Registered hooks on 20 Conv2d layers
  - 20 forward hooks
  - 20 backward hooks


In [5]:
# Create a dummy input tensor (batch_size=1, channels=3, height=224, width=224)
# ResNet18 expects 224x224 RGB images
dummy_input = torch.randn(1, 3, 224, 224, device=device, requires_grad=True)
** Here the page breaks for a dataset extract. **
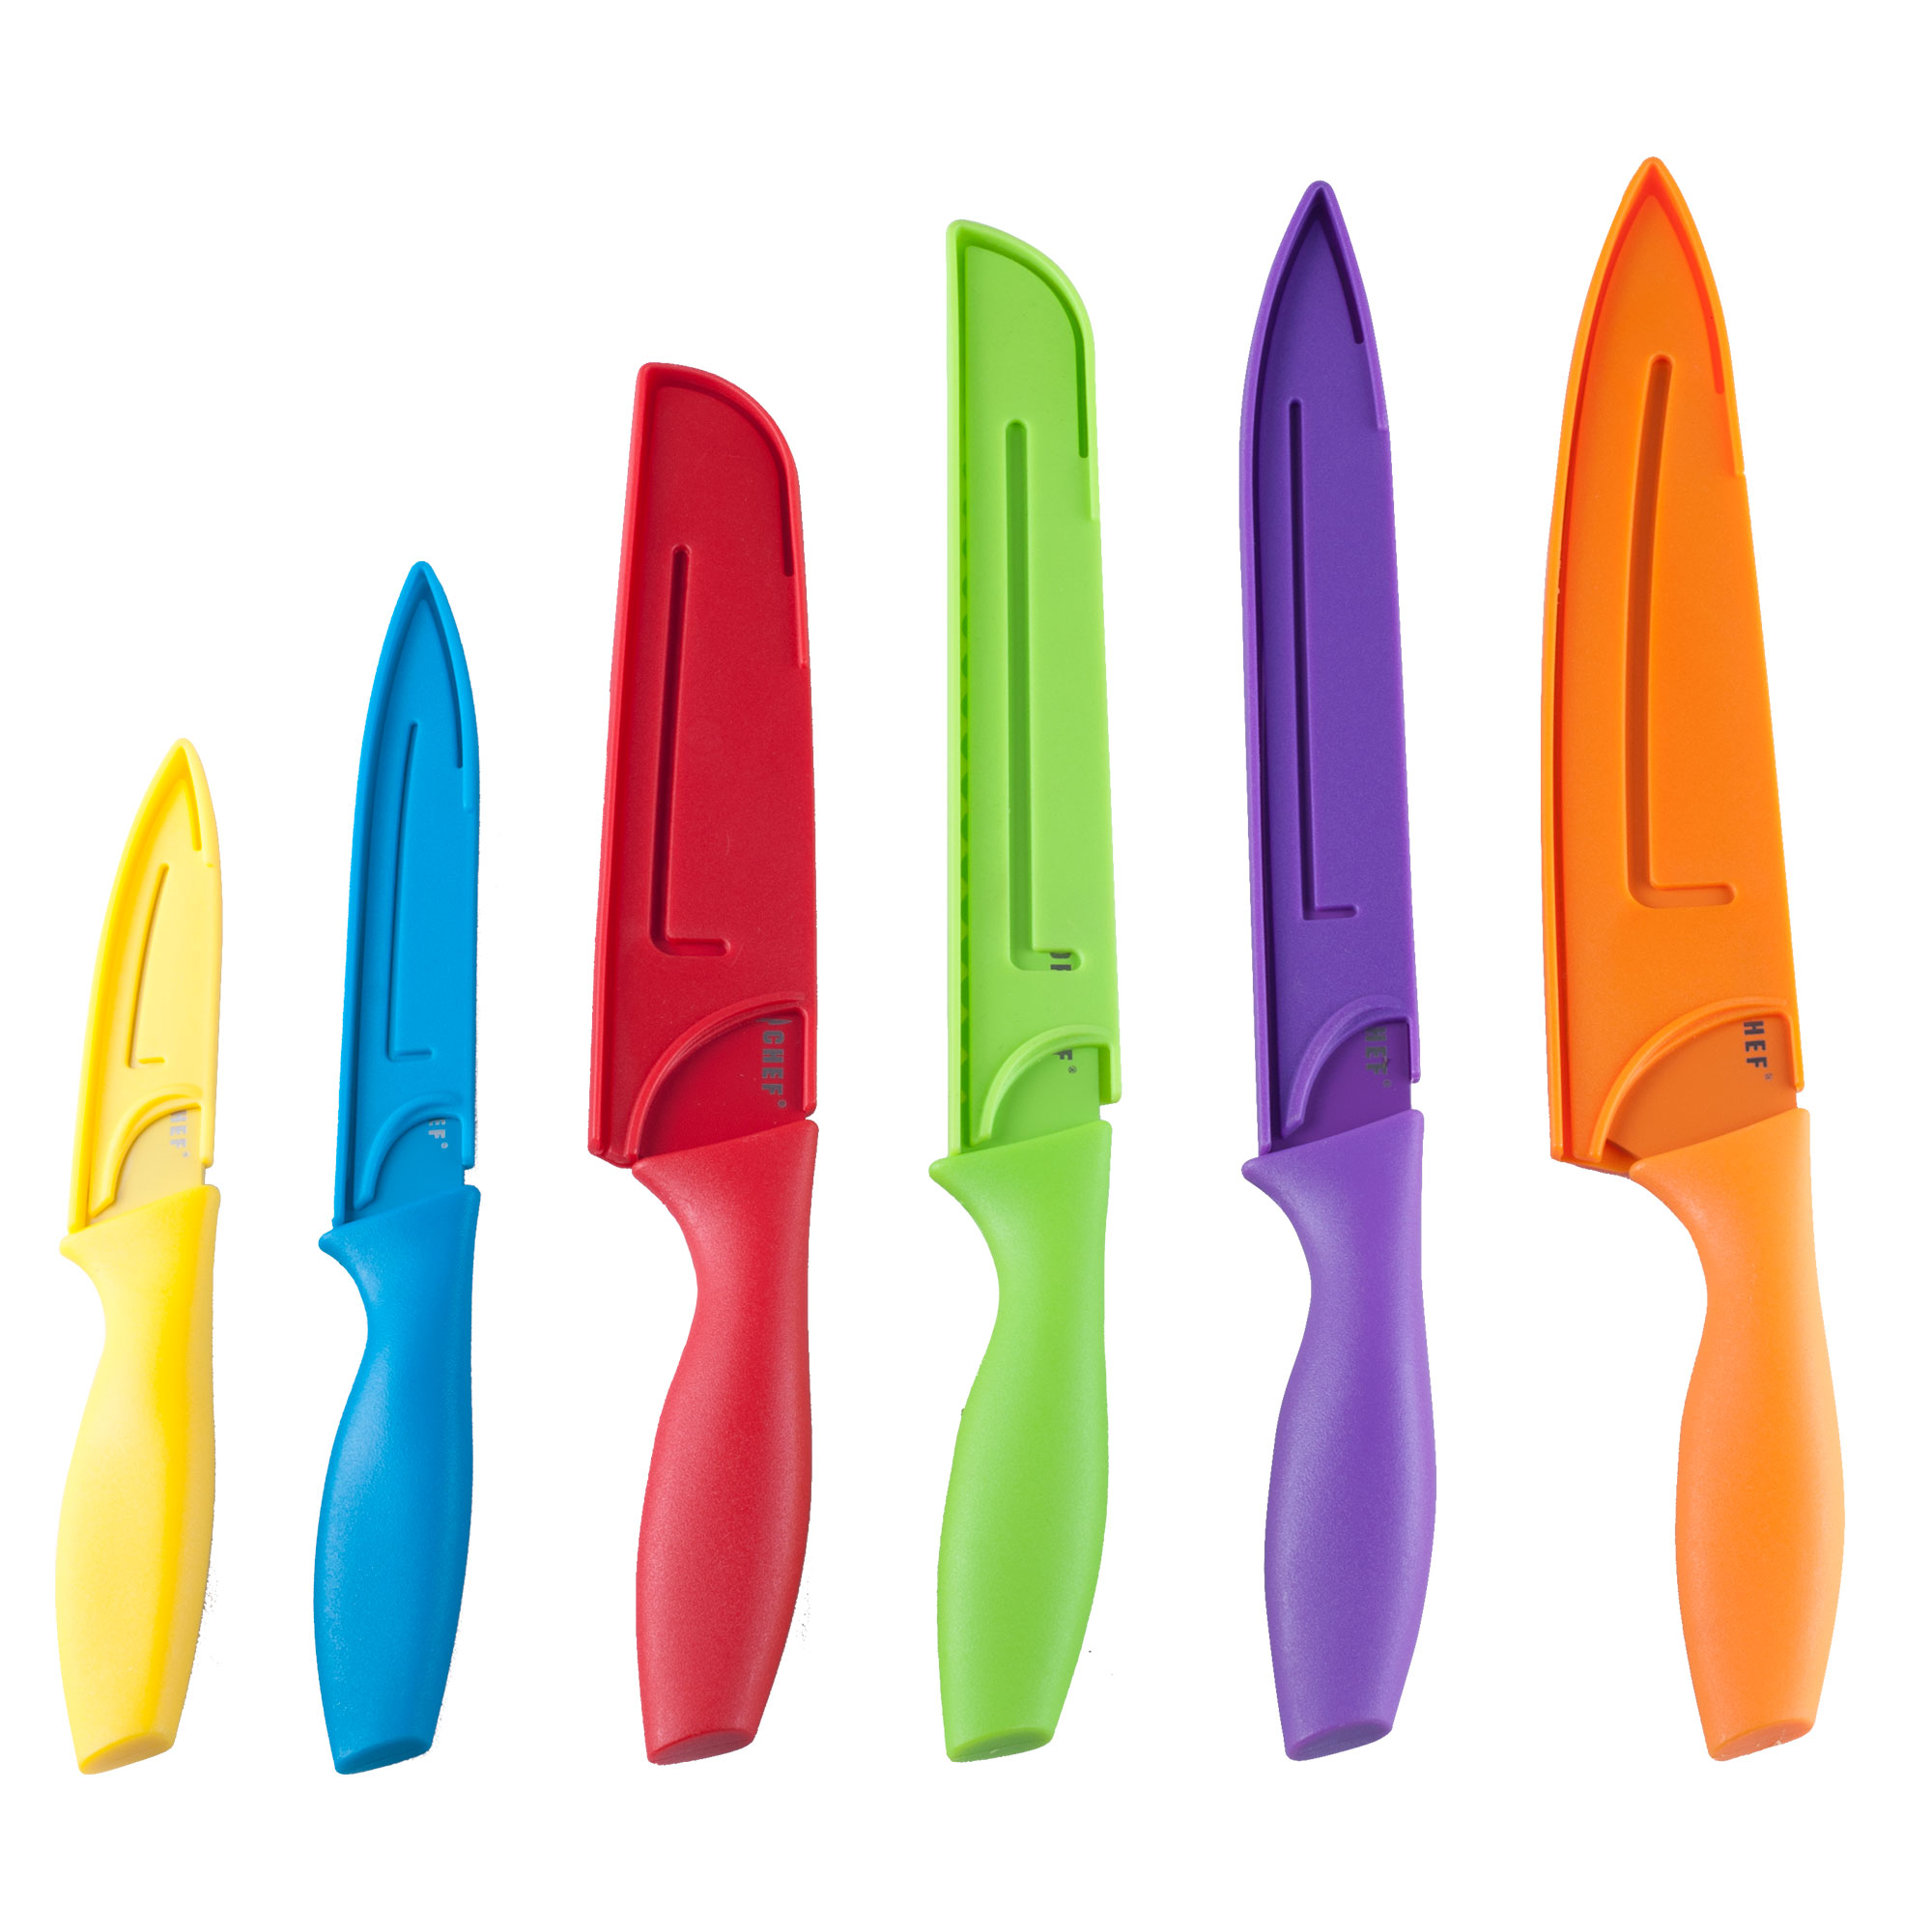 Top Chef 6-Piece Colored Knife Set, Professional Grade - image 2 of 4

print(f"Dummy input shape: {dummy_input.shape}")
print(f"Requires gradient: {dummy_input.requires_grad}")

Dummy input shape: torch.Size([1, 3, 224, 224])
Requires gradient: True


## Run Forward Pass

This will trigger all forward hooks in execution order:

In [6]:
print("=" * 60)
print("FORWARD PASS")
print("=" * 60)

output = model(dummy_input)

print("=" * 60)
print(f"Output shape: {output.shape}")  # Should be [1, 1000] for ImageNet classes

FORWARD PASS
Forward: Conv layer 1
Forward: Conv layer 2
Forward: Conv layer 3
Forward: Conv layer 4
Forward: Conv layer 5
Forward: Conv layer 6
Forward: Conv layer 7
Forward: Conv layer 8
Forward: Conv layer 9
Forward: Conv layer 10
Forward: Conv layer 11
Forward: Conv layer 12
Forward: Conv layer 13
Forward: Conv layer 14
Forward: Conv layer 15
Forward: Conv layer 16
Forward: Conv layer 17
Forward: Conv layer 18
Forward: Conv layer 19
Forward: Conv layer 20
Output shape: torch.Size([1, 1000])


## Compute Dummy Loss and Run Backward Pass

We'll create a simple loss by summing all outputs, then call `backward()`.
This will trigger all backward hooks in reverse order:

In [7]:
# Create a dummy loss (sum of all output logits)
# In real training, you'd use a proper loss function like CrossEntropyLoss
dummy_loss = output.sum()

print("=" * 60)
print("BACKWARD PASS")
print("=" * 60)

dummy_loss.backward()

print("=" * 60)
print(f"Dummy loss value: {dummy_loss.item():.4f}")

BACKWARD PASS
Backward: Conv layer 20
Backward: Conv layer 19
Backward: Conv layer 18
Backward: Conv layer 17
Backward: Conv layer 16
Backward: Conv layer 15
Backward: Conv layer 14
Backward: Conv layer 13
Backward: Conv layer 12
Backward: Conv layer 11
Backward: Conv layer 10
Backward: Conv layer 9
Backward: Conv layer 8
Backward: Conv layer 7
Backward: Conv layer 6
Backward: Conv layer 5
Backward: Conv layer 4
Backward: Conv layer 3
Backward: Conv layer 2
Backward: Conv layer 1
Dummy loss value: 0.0103


## Clean Up: Remove Hooks

Good practice: Remove hooks when done to free resources.

In [8]:
# Remove all hooks
for handle in forward_hook_handles:
    handle.remove()

for handle in backward_hook_handles:
    handle.remove()

print(f"Removed {len(forward_hook_handles)} forward hooks")
print(f"Removed {len(backward_hook_handles)} backward hooks")

# Clear the lists
forward_hook_handles.clear()
backward_hook_handles.clear()

print("Hook cleanup complete!")

Removed 20 forward hooks
Removed 20 backward hooks
Hook cleanup complete!


## Extension Exercises

Now that you understand the basics, try these extensions:

1. **Capture Feature Maps**: Modify forward hooks to store `output.clone()` in a dictionary
   ```python
   feature_maps = {}
   def create_forward_hook(layer_num):
       def hook(module, input, output):
           feature_maps[f'layer_{layer_num}'] = output.clone()
       return hook
   ```

2. **Measure Gradient Magnitudes**: Modify backward hooks to compute `grad_output[0].norm()`
   ```python
   def create_backward_hook(layer_num):
       def hook(module, grad_input, grad_output):
           grad_norm = grad_output[0].norm().item()
           print(f"Backward: Conv layer {layer_num} | Gradient norm: {grad_norm:.4f}")
       return hook
   ```

3. **Filter by Layer Type**: Register hooks only on 3x3 convolutions (exclude 1x1 and 7x7)
   ```python
   for name, module in model.named_modules():
       if isinstance(module, nn.Conv2d) and module.kernel_size == (3, 3):
           # Register hook only on 3x3 convs
   ```

4. **Timing Analysis**: Use `time.time()` in hooks to measure per-layer execution time

5. **Selective Hooks**: Only hook layers in `layer3` and `layer4`
   ```python
   for name, module in model.named_modules():
       if isinstance(module, nn.Conv2d) and ('layer3' in name or 'layer4' in name):
           # Register hook
   ```

**Advanced Challenge**: Create a visualization showing which layers have the largest gradient flow during backward pass. This can help identify vanishing/exploding gradient problems in deep networks.